But that would have been the most unfulfilling HR existence ever. And I can’t see many HR practitioners wanting to vote for that kind of work. They would want to save the human race in as many ways as they possibly can by helping people redeploy, rescale, rediscover who and what they’re meant to be doing and help them do that.

Lisa: This is a bit of a tenuous link, but you mentioned Jeff Goldblum and Jurassic Park. So speaking of dinosaurs, in terms of the big corporations out there in the world, the kind of big giants who still operate in the very kind of old-fashioned ways, do you think those big corporations will succeed in transforming? And if so, what will that look like?

Perry: It’s one I’ve been watching probably for about the last, again, sort of five, six, seven years, where I’ve seen all these nimble new startups. Google hasn’t been around for that long, and yet look at how huge it is and how much value it’s created in an economic sense and in a sort of a presence. I think most of them will struggle. I think when you look at the shifts in things like energy and transportation, although I saw something recently where Mercedes-Benz and Jaguar are starting to really, really sort of almost Tesla-ise themselves and go down the electric car road. And so I think some of them are starting to see the writing on the wall and they’re starting to think, hey, this is essential for our survival.
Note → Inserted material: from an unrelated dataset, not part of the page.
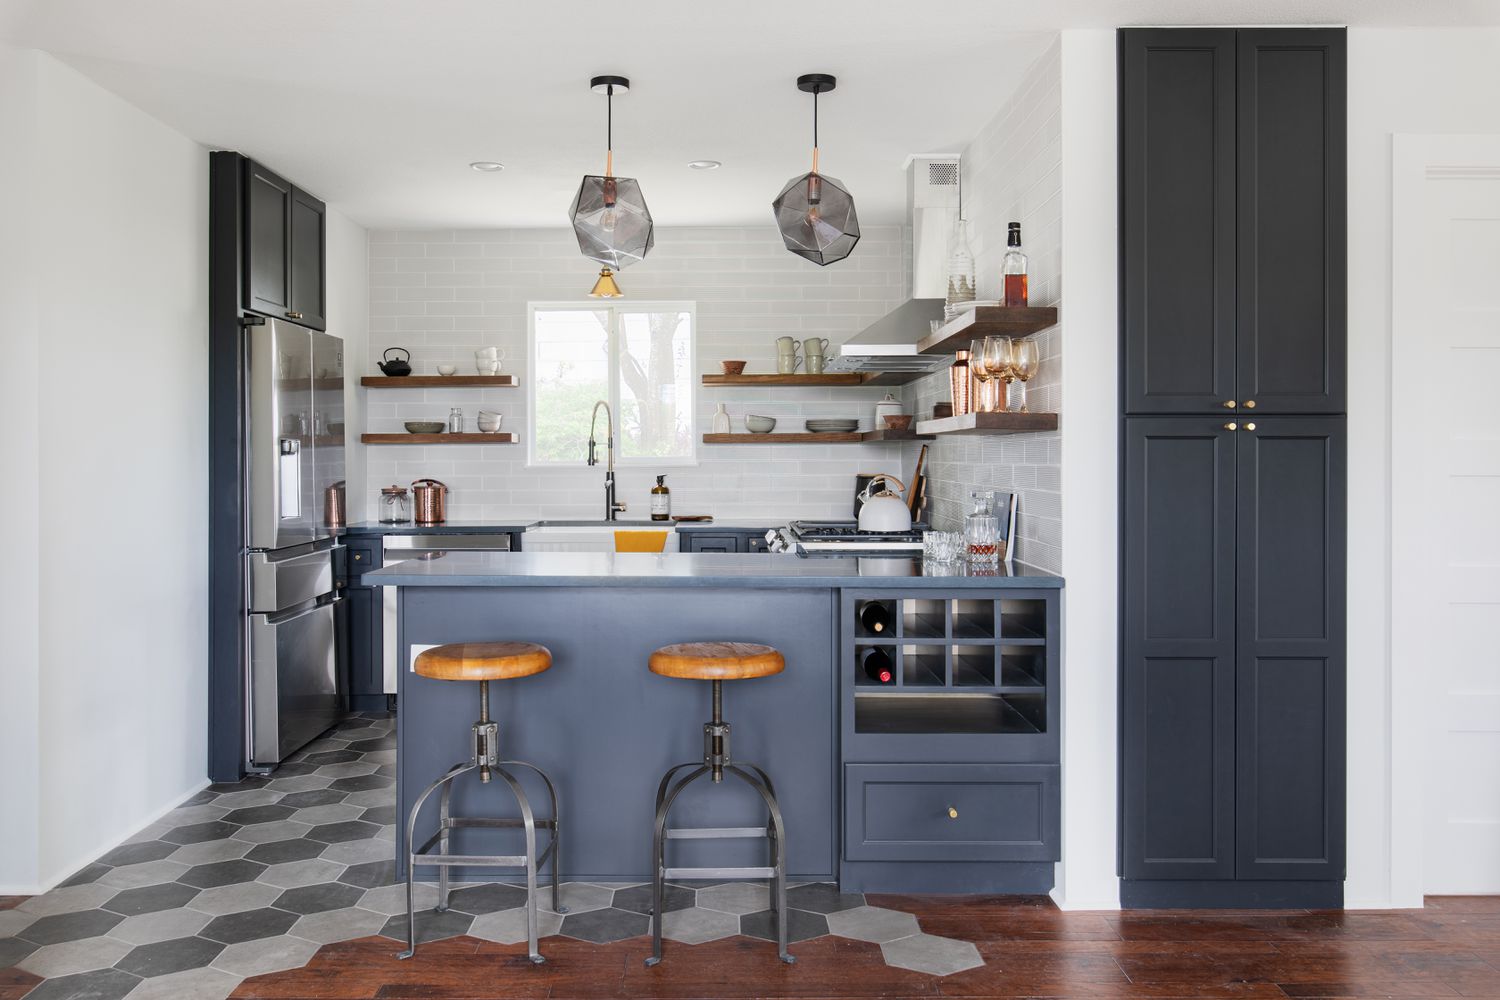 Um piso de cozinha de ladrilhos cinza escuro e cinza claro é combinado com armários azuis escuros

You may see some enlightened large corporations who will exist, but they will be, I think, very different in their construct and in their ethos and their principles. So I think they’ll be less about pure shareholder value and more about maybe a triple bottom line type of capitalism where they’ve got an impact on society and the environment. I think if you can see a company, no matter what size, is doing its best for good in those three ways, then I think you’ll still like it as a consumer.

What I find really interesting, though, is not necessarily that competitors and other products and market shifts may negate their size as an advantage, but the whole fabric of the economy is potentially something that over the next five to 10 years we’ll start to see torn apart. You know, universal basic income trials and pilots, the flattening down of the costs of things.

If you look at Salim Ismail’s work on the exponential organization side of things and just how much it doesn’t cost you now, it’s like, you know, a penny to produce a microchip component in a smartphone or a device. You kind of think, geez, this stuff is almost going down to zero cost for production. The 3D printed house I saw recently online with this sort of concrete construction that actually is robust and solid and is a fraction of the cost of normal conventional building techniques makes you think, if things are driving down so much and they are so cheap, it’s almost like, why do we need to earn lots of money to buy things which now we’ll either rent as a service or we just don’t need to spend much to own?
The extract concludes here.